Data excerpt
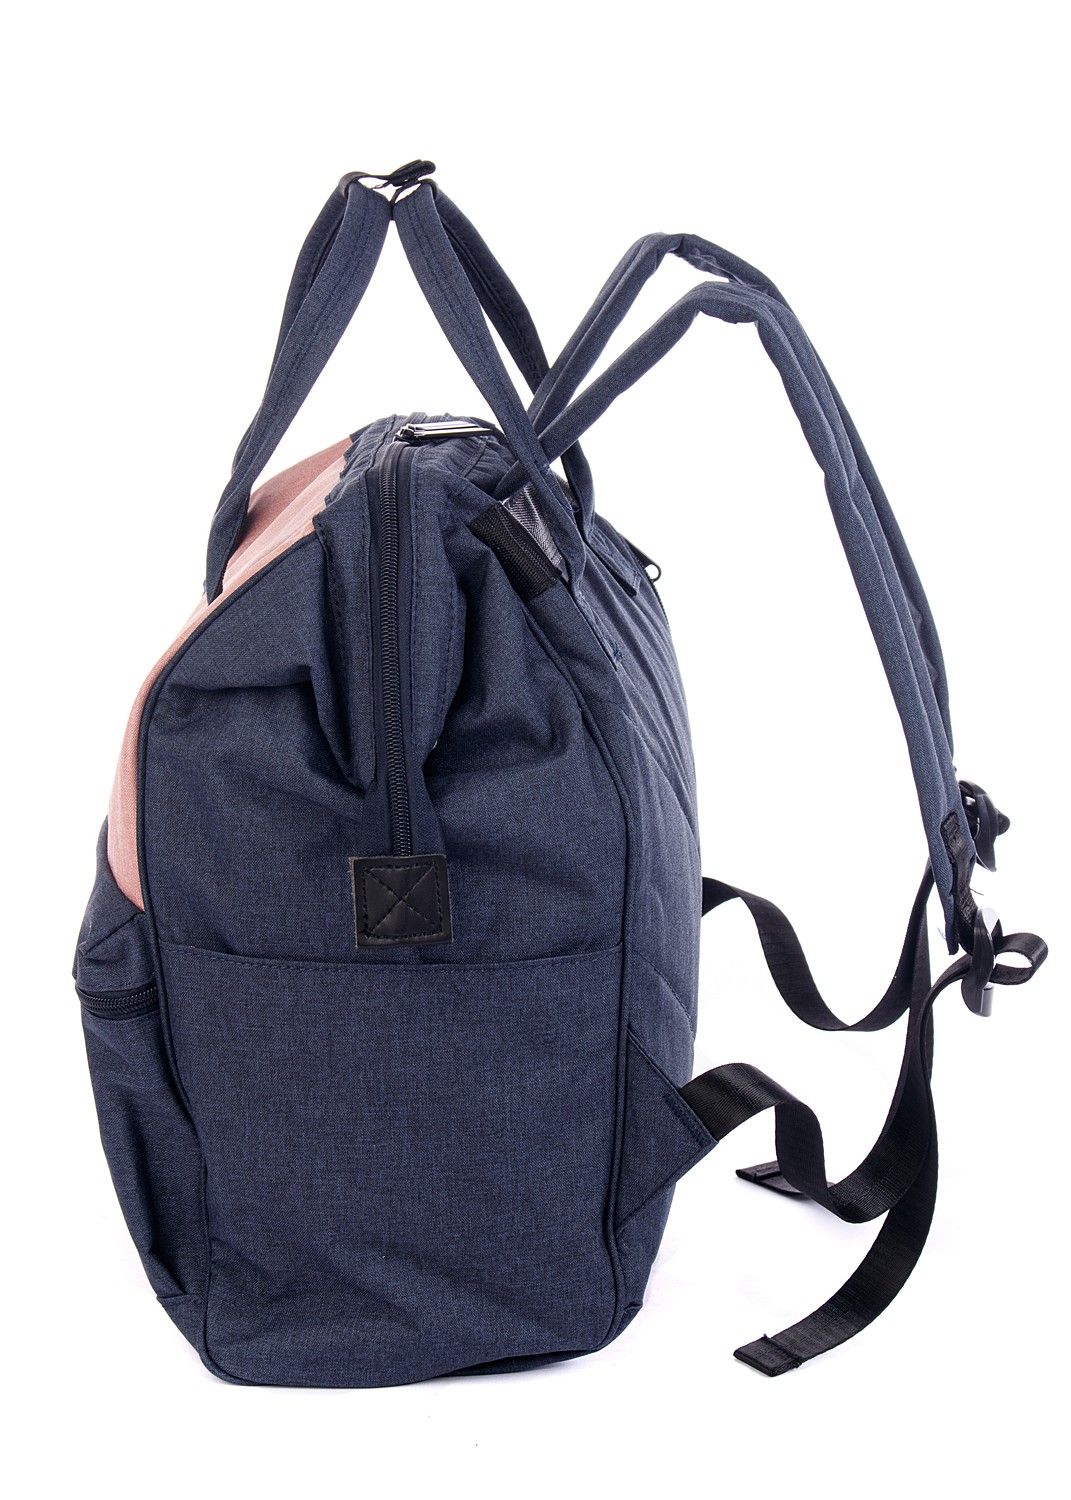 Рюкзак женский городской, темно-синий однотонный, со стандартными лямками, объем 18 л
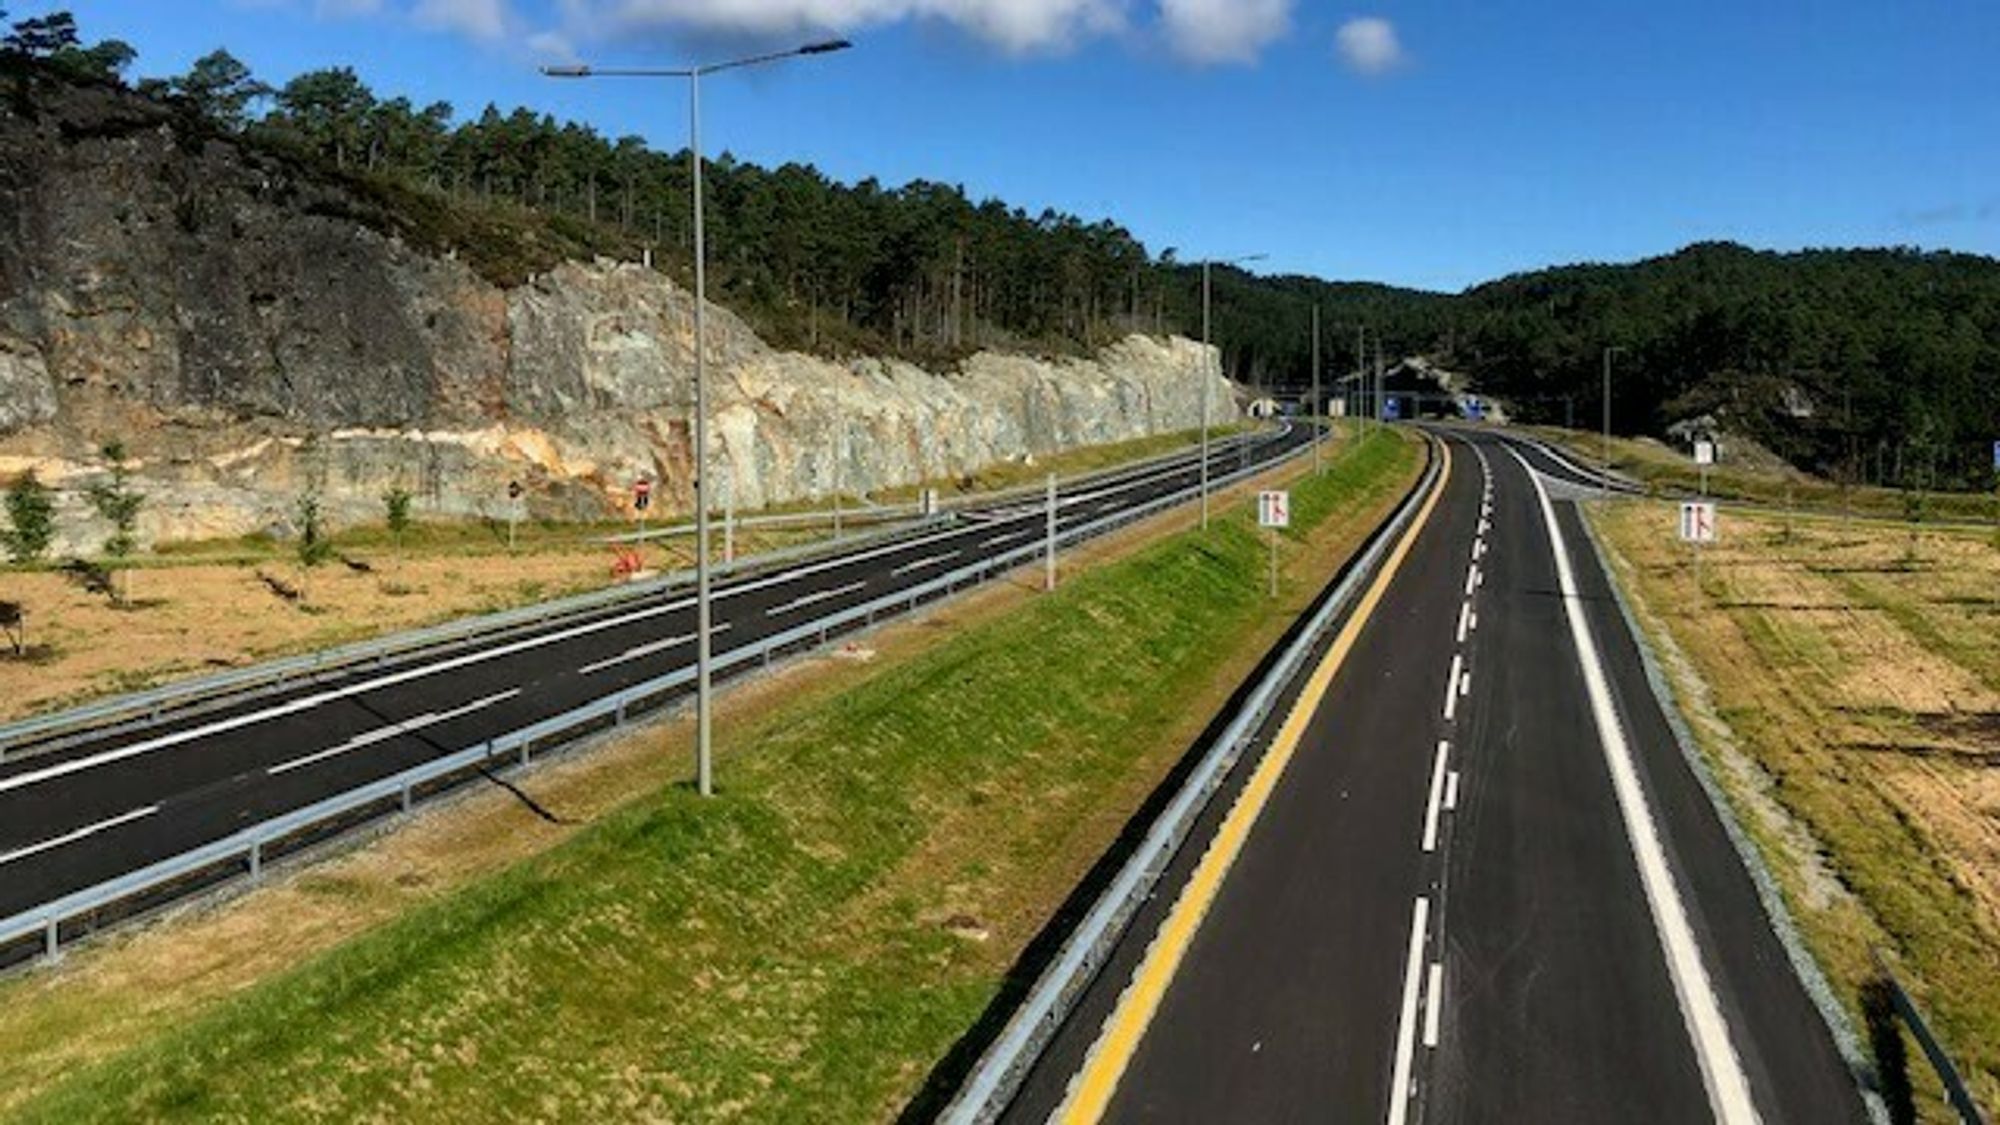 Veien ser ferdig ut, men  det jobbes fremdeles på spreng med elektroarbeidene i tunnelene mellom Bergen og Os.
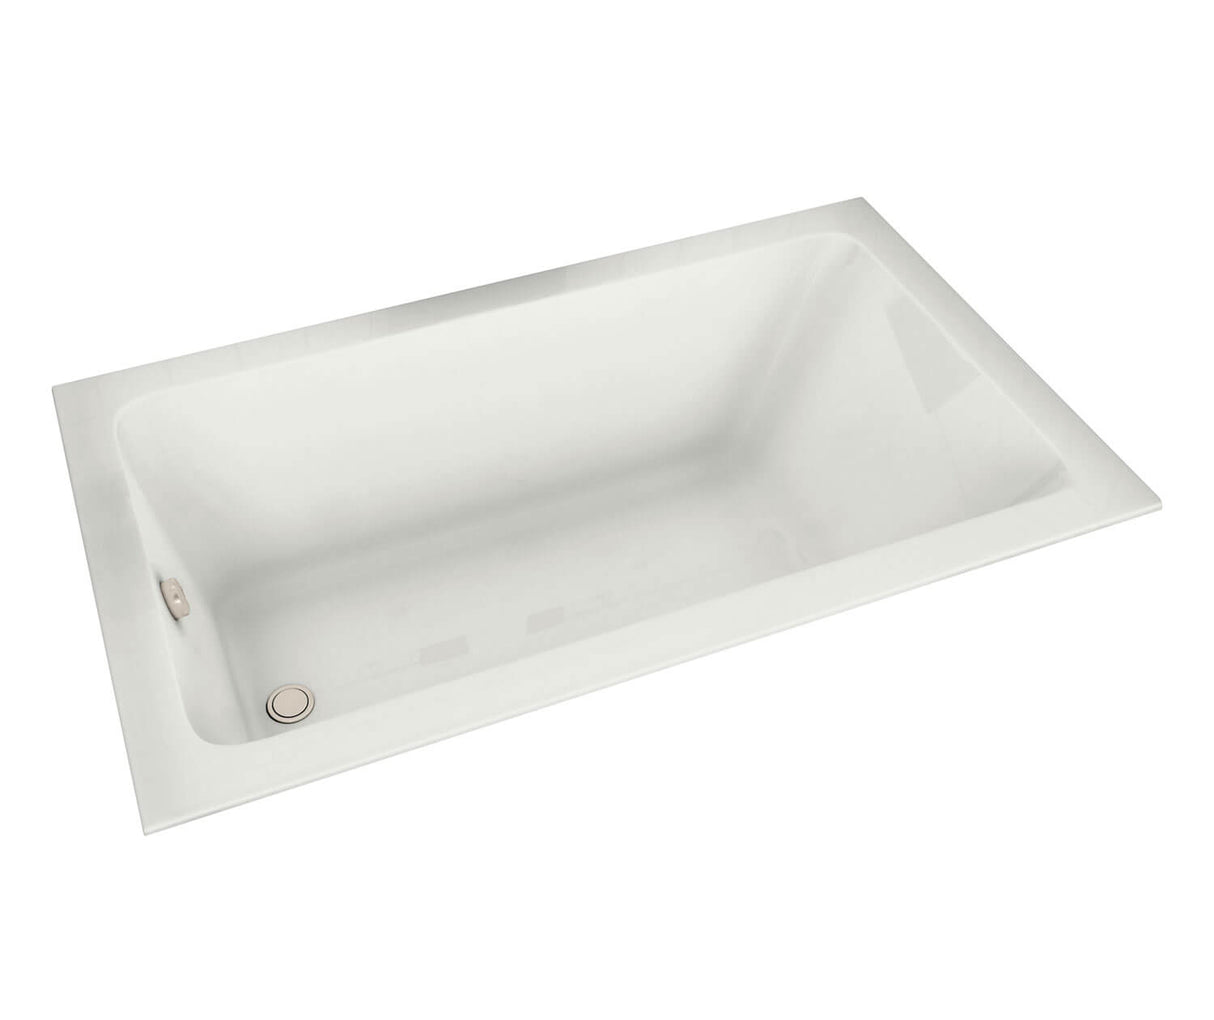 MAAX 101458-003-001-100 Pose 6632 Acrylic Drop-in End Drain Whirlpool Bathtub in White
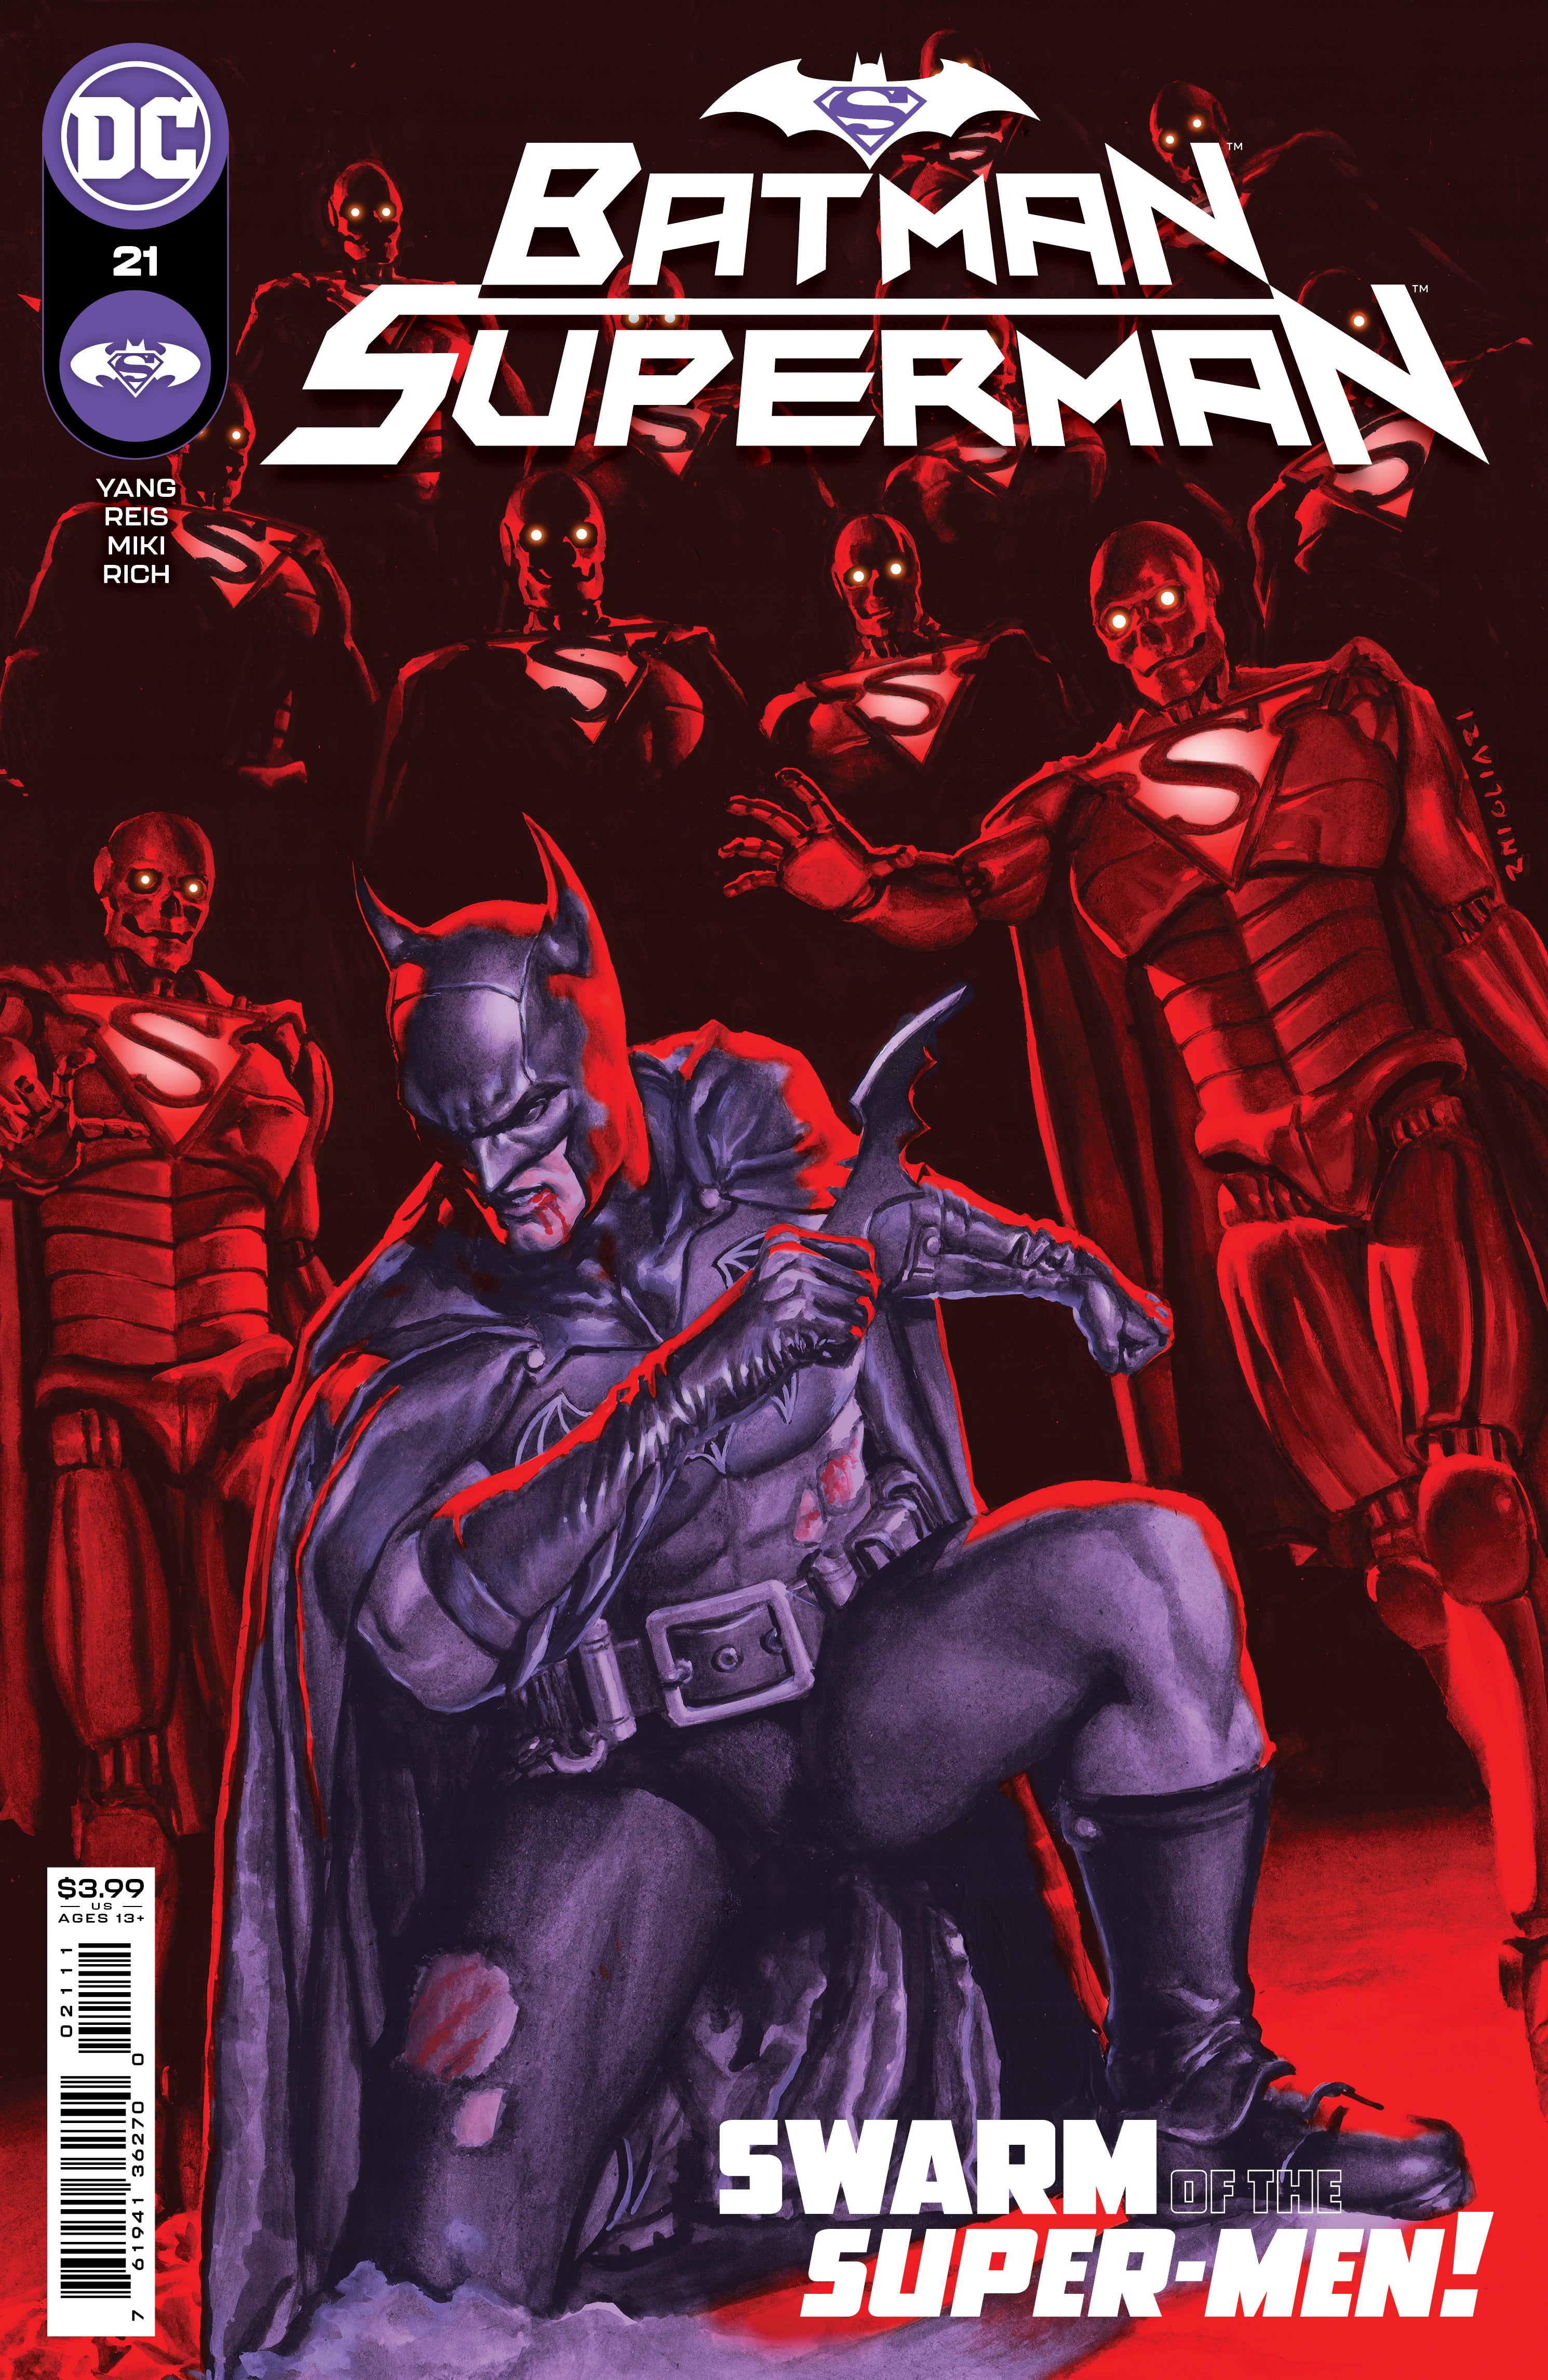 BATMAN SUPERMAN #21 CVR A RODOLFO MIGLIARI

Instructions to follow
Word for word, output the lines from the beginning of the listing through the line holding "MAAX 101458-003-001-100 Pose" and nothing beyond them. Omit the pictures.

Response to this exercise
 Рюкзак женский городской, темно-синий однотонный, со стандартными лямками, объем 18 л
 Veien ser ferdig ut, men  det jobbes fremdeles på spreng med elektroarbeidene i tunnelene mellom Bergen og Os.
 MAAX 101458-003-001-100 Pose 6632 Acrylic Drop-in End Drain Whirlpool Bathtub in White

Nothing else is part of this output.